● Data:
BEGIN
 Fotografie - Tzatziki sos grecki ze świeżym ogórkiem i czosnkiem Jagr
END
BEGIN
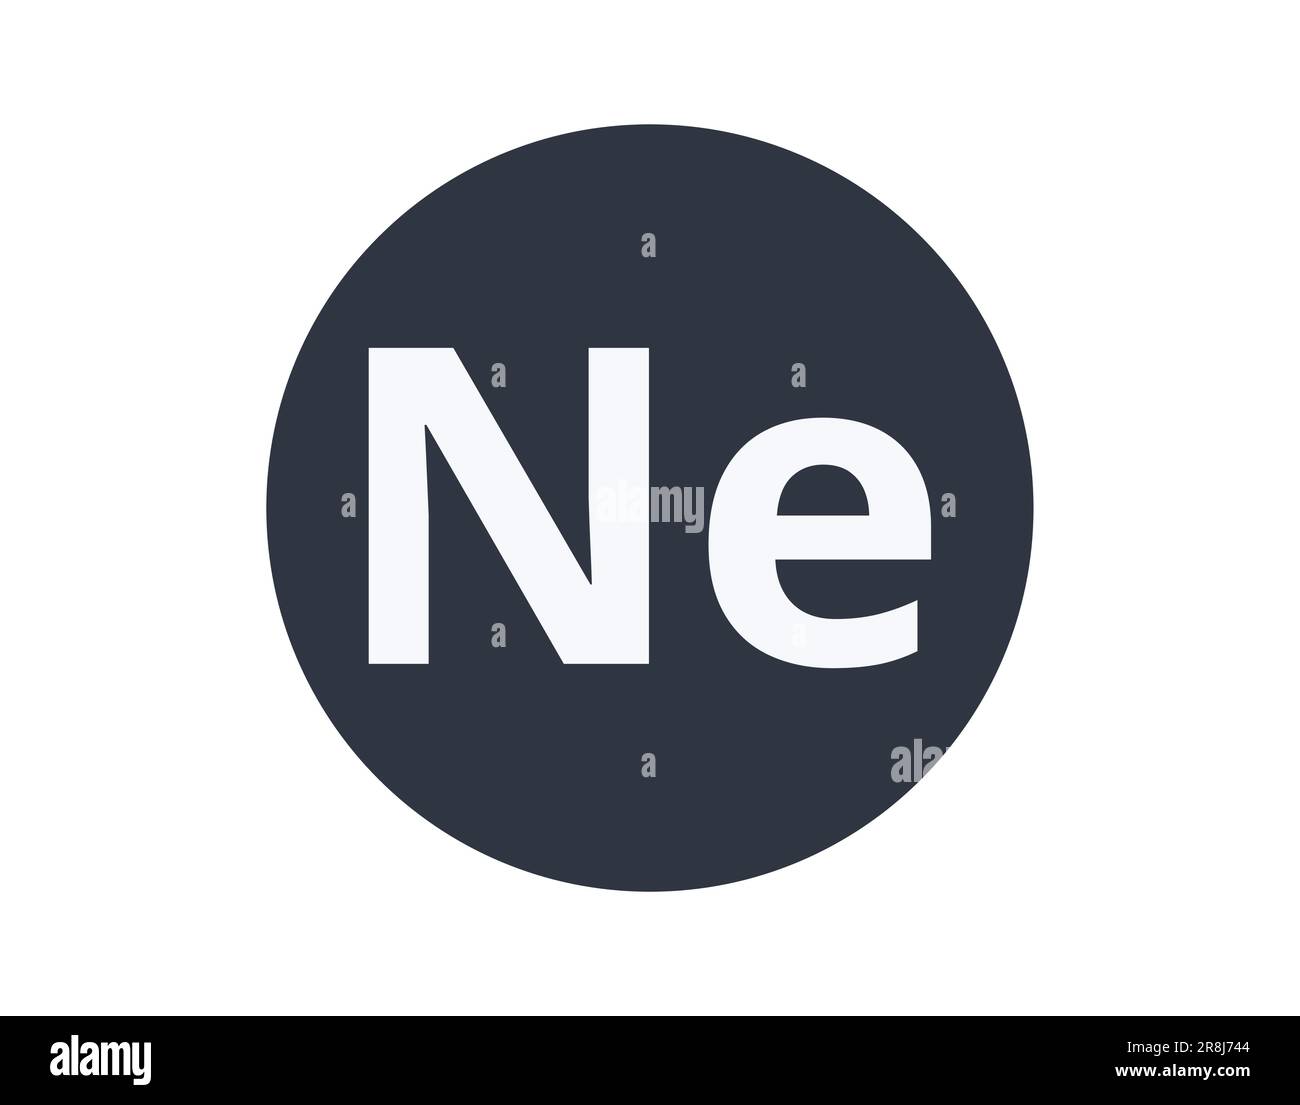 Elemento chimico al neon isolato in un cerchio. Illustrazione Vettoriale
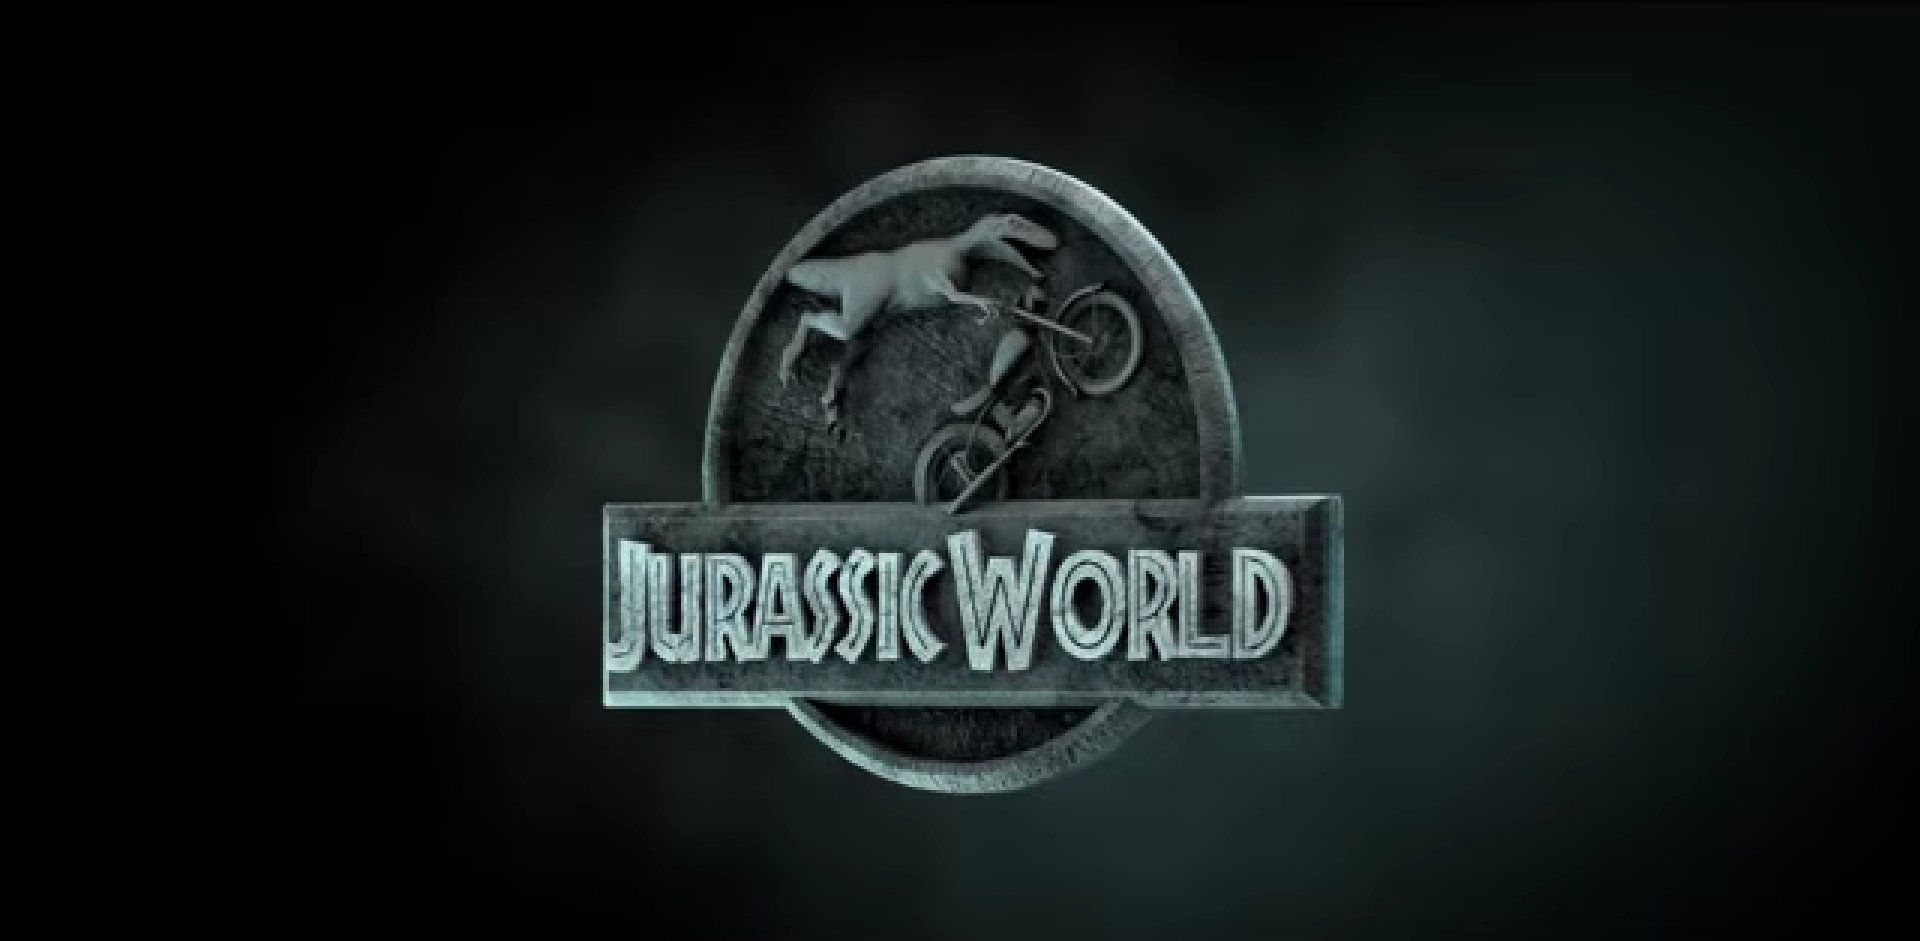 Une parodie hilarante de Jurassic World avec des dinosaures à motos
END
In the entries above, find the line with "Elemento chimico al" and the line with "Une parodie hilarante". Return exactly those lines and all the ones between them, pictures excluded.

● Your solution:
 Elemento chimico al neon isolato in un cerchio. Illustrazione Vettoriale
 Une parodie hilarante de Jurassic World avec des dinosaures à motos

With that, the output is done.